Personal information
- Full name: Malcolm John Stokes
- Date of birth: 20 May 1909
- Place of birth: Maffra West Upper, Victoria
- Date of death: 29 May 2003 (aged 94)
- Place of death: Geelong, Victoria
- Original team(s): Barwon

Playing career^{1}
- Years: Club / Games (Goals)
- 1929–31: Geelong / 9 (2)
- ^{1} Playing statistics correct to the end of 1931.

= Mac Stokes =

Australian rules footballer, born 1909

Malcolm John "Mac" Stokes (20 May 1909 – 29 May 2003) was an Australian rules footballer who played with Geelong in the Victorian Football League (VFL).

==Family==
The son of Archibald Stokes (1872–1945), and Agnes Stokes (1875–1957), née Gibbs, Malcolm John Stokes was born at Maffra West Upper, Victoria on 20 May 1909.

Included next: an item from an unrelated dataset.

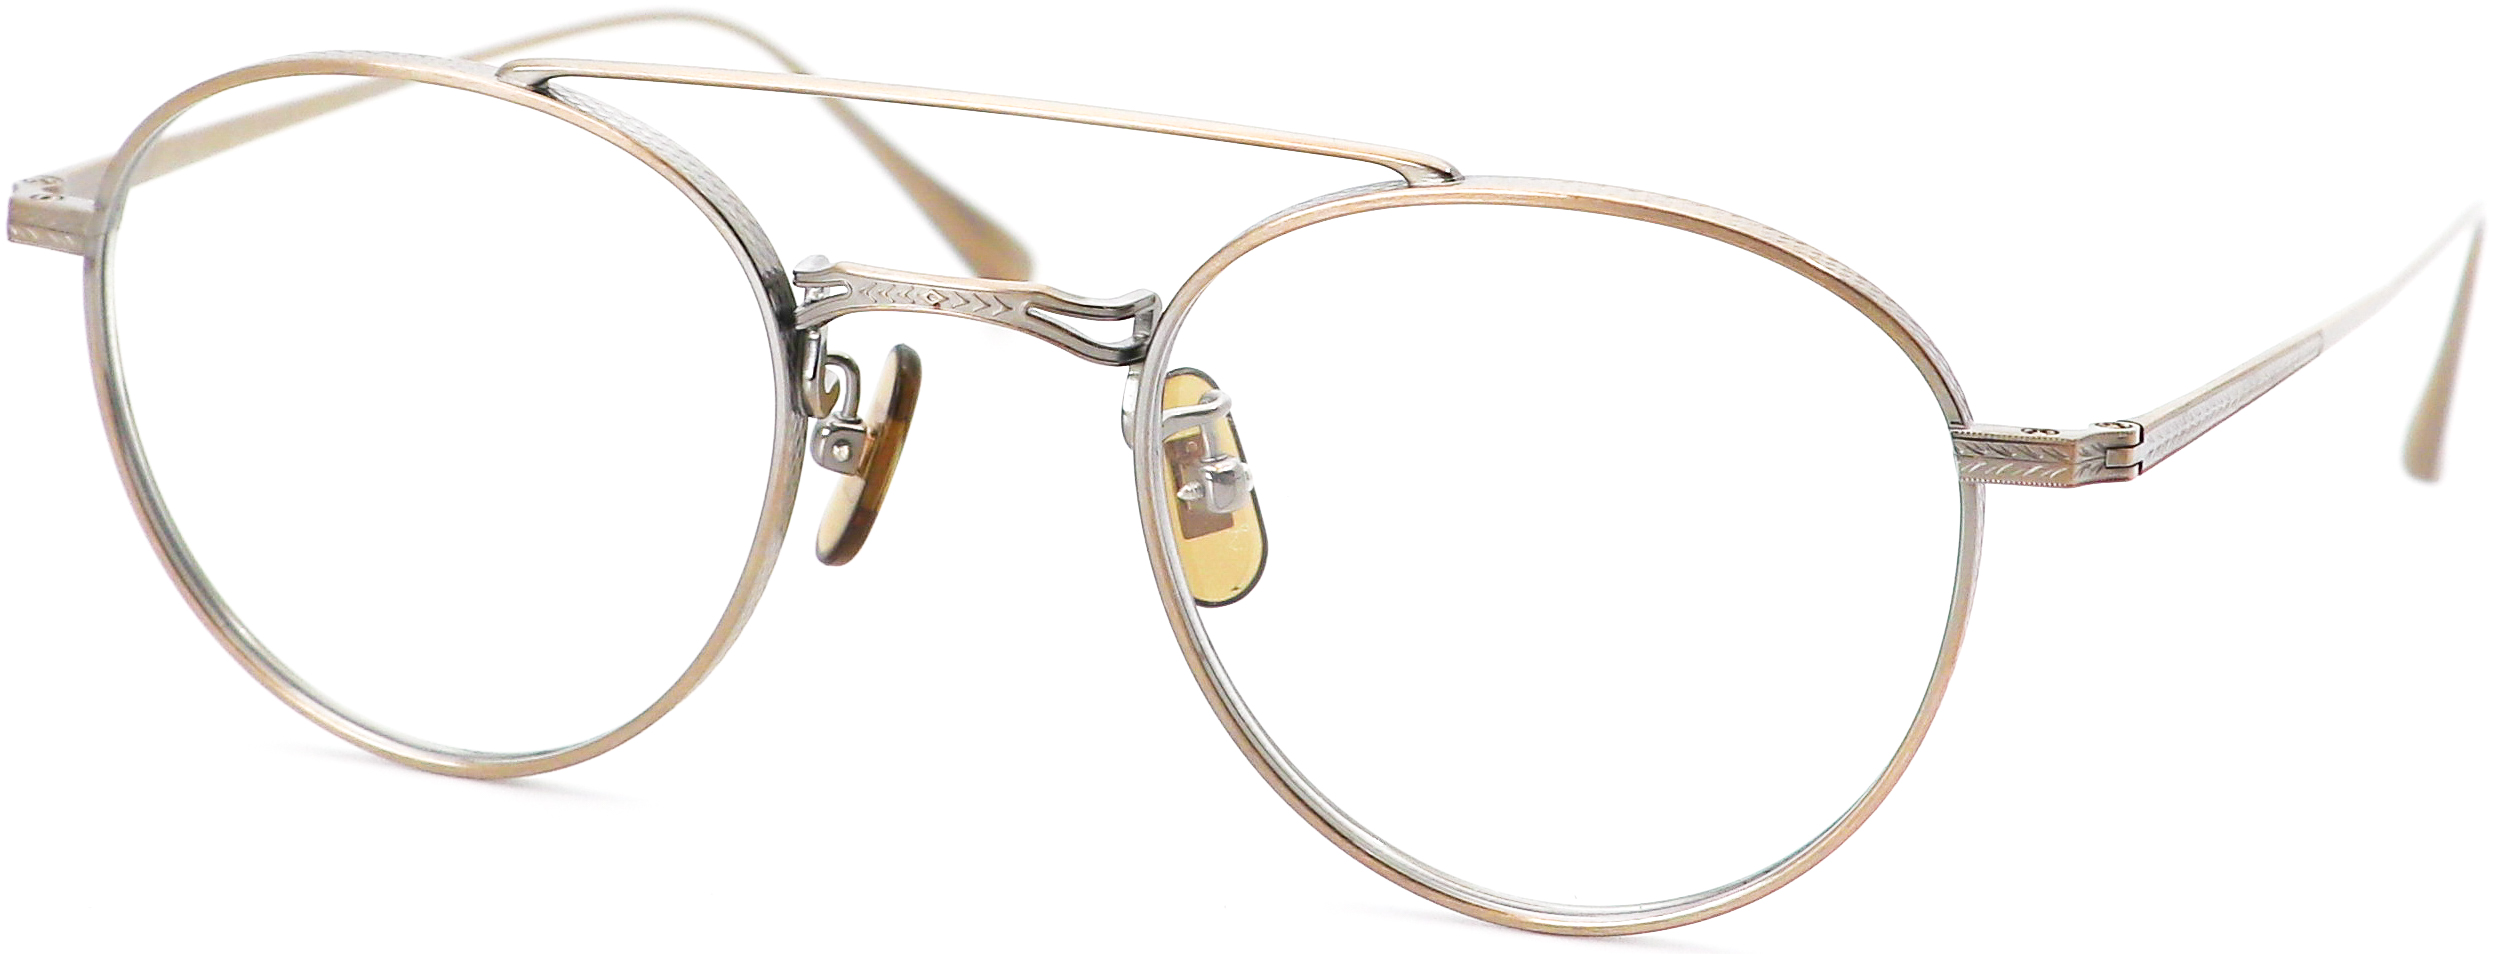 眼鏡のカラータイプC-3 At-Gold
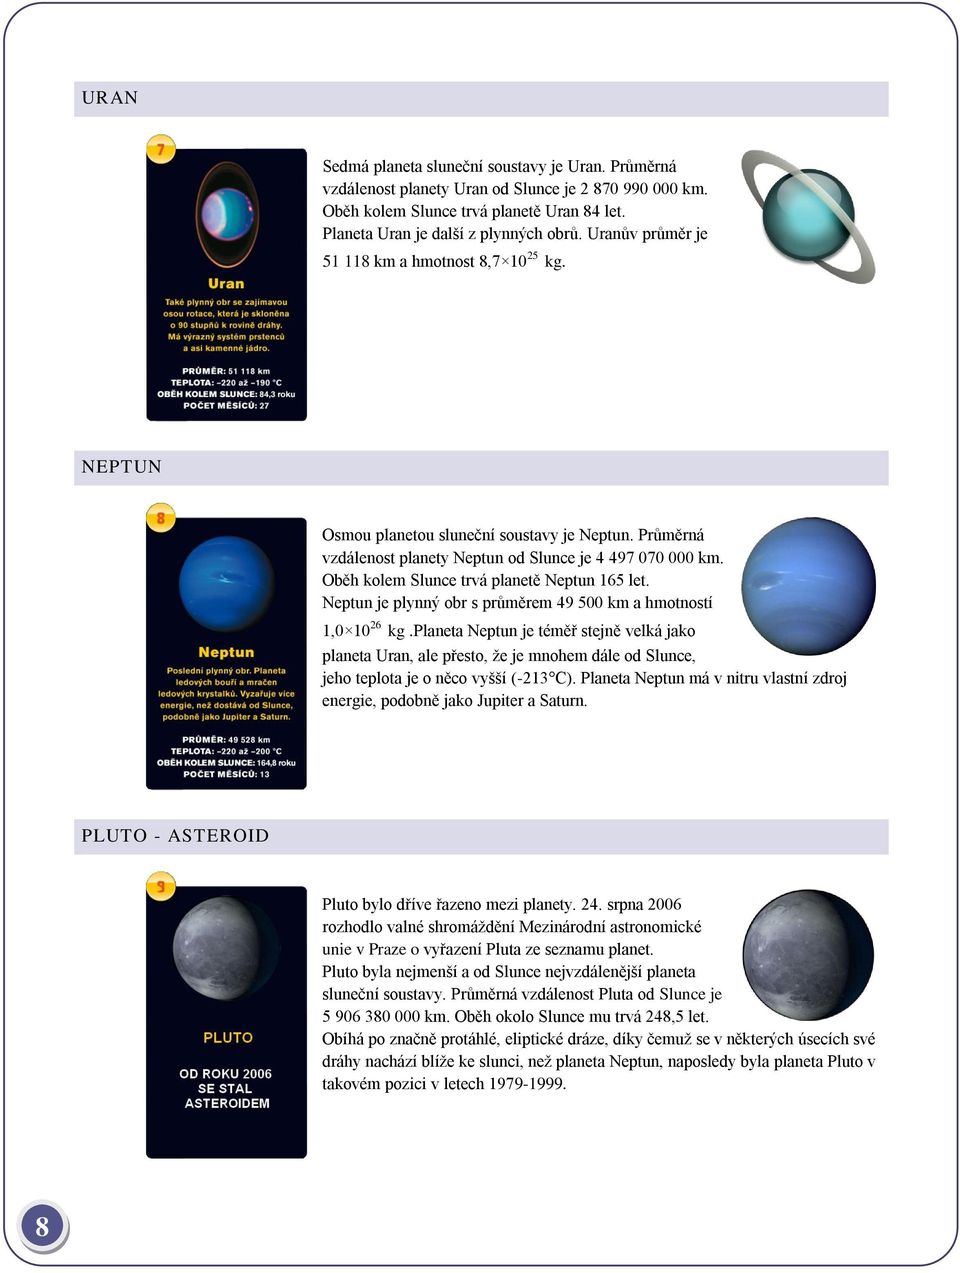 Oběh kolem Slunce trvá planetě Neptun 165 let. Neptun je plynný obr s průměrem 49 500 km a hmotností 1,0 10 26 kg.

He married Thelma Grinter in 1932.

==Football==
===Barwon (GDFA)===
He played for the Barwon Football Club in the Geelong and District Football Association (GDFA).

===Geelong (VFL)===
He was recruited by Geelong in 1929.

===Barwon (GDFL)===
In 1934 he was cleared from Geelong to the Barwon Football Club in the recently renamed Geelong and District Football League (GDFL).

==Military service==
He served in the Australian Defence Forces during the Second World War.